Just checking in from Tempe, AZ

So, turns out I'm in the hometown of the band Jimmy Eat World. If you are not familiar, they are most well known for their song "the middle" which was more or less of constant rotation in radio stations across this great land in the years 01-02. In fact, I'm pretty sure it won some sort of award for its ability to be the song that no matter what is playing somewhere on the dial. Anyhoo, I did some research (because we passed a sign reading "Sky Harbor Airport" and I remember that the have a song called "Goodbye Sky Harbor," so I fired up wikipedia the next chance I got) and turns out I am in their home town.
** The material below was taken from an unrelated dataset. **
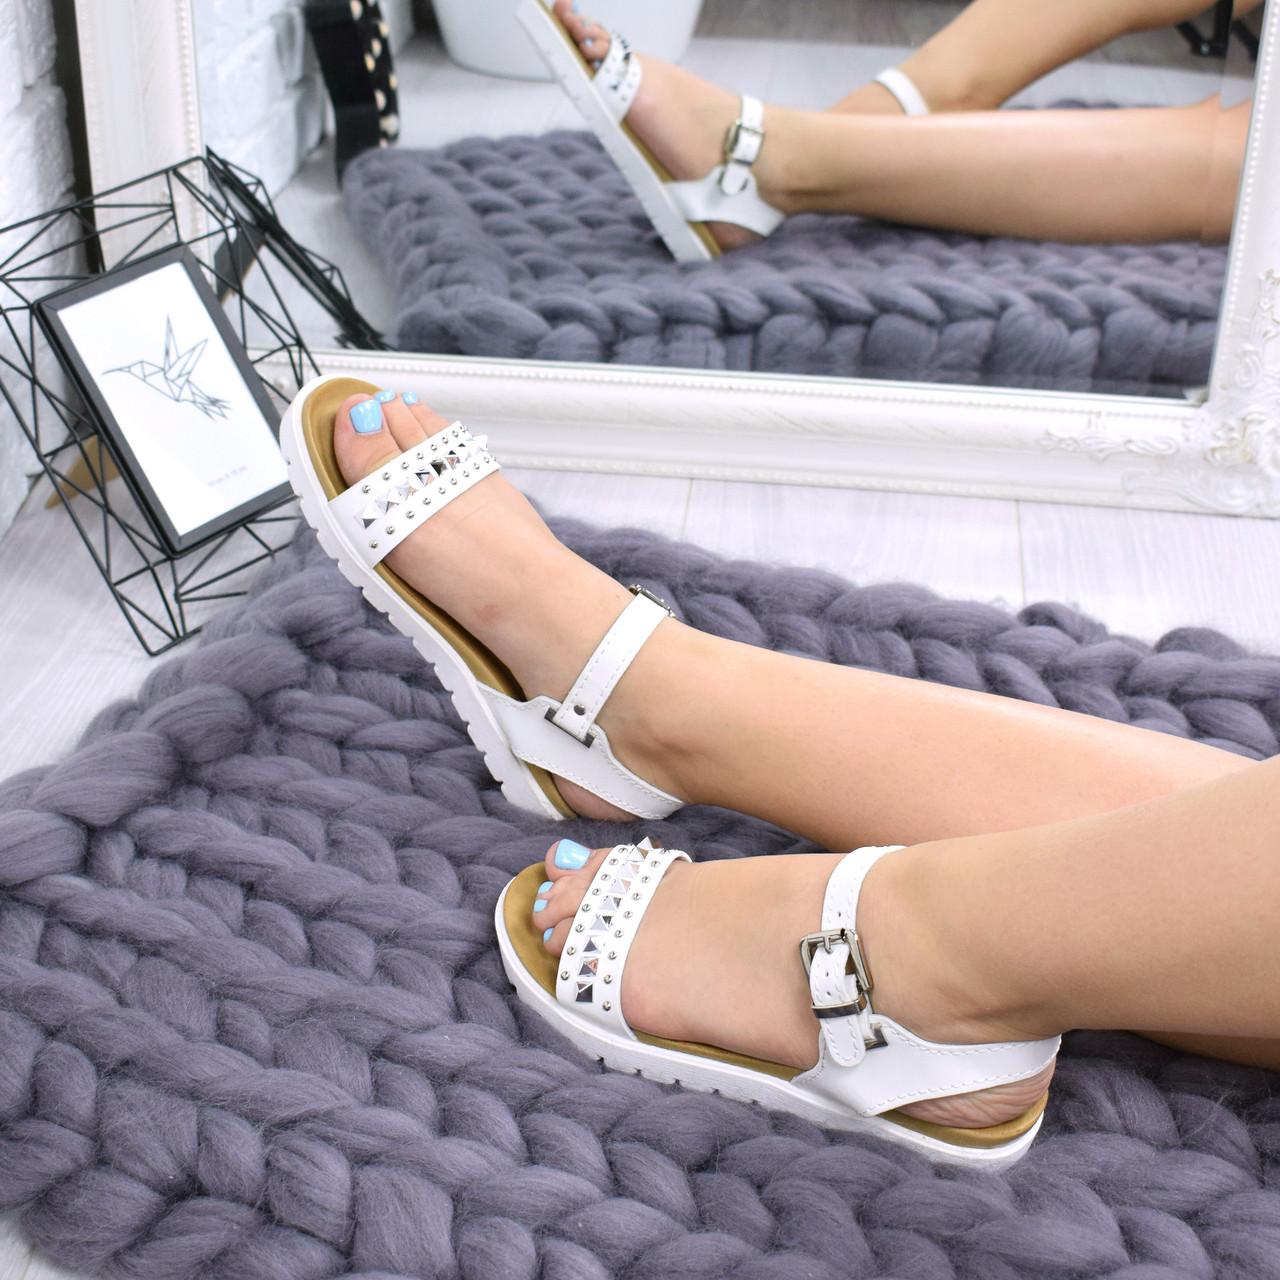 111310806 Босоножки, вьетнамки сандали, сабо, женские

This is probably not nearly as exciting as it would seem, but these guys were my favorite band for many years (and still hold top billing for "favorite bands") and it's a nice thing for me.

I got another story idea this morning. I worte it down as quickly as I could before forgetting it. As I was writing down the details, I realized that it wasn't a new story, in fact, it was the hook to another story that I had thought up a coupla years ago. One that, though it had a nice basic premise, it had no real plot or conflict. But, ah yes, this is no longer the case. It is well on its way to being a fully excavated story project. I'm a bit excited.

Now all I have to do is take all these ideas and make them into actual stories.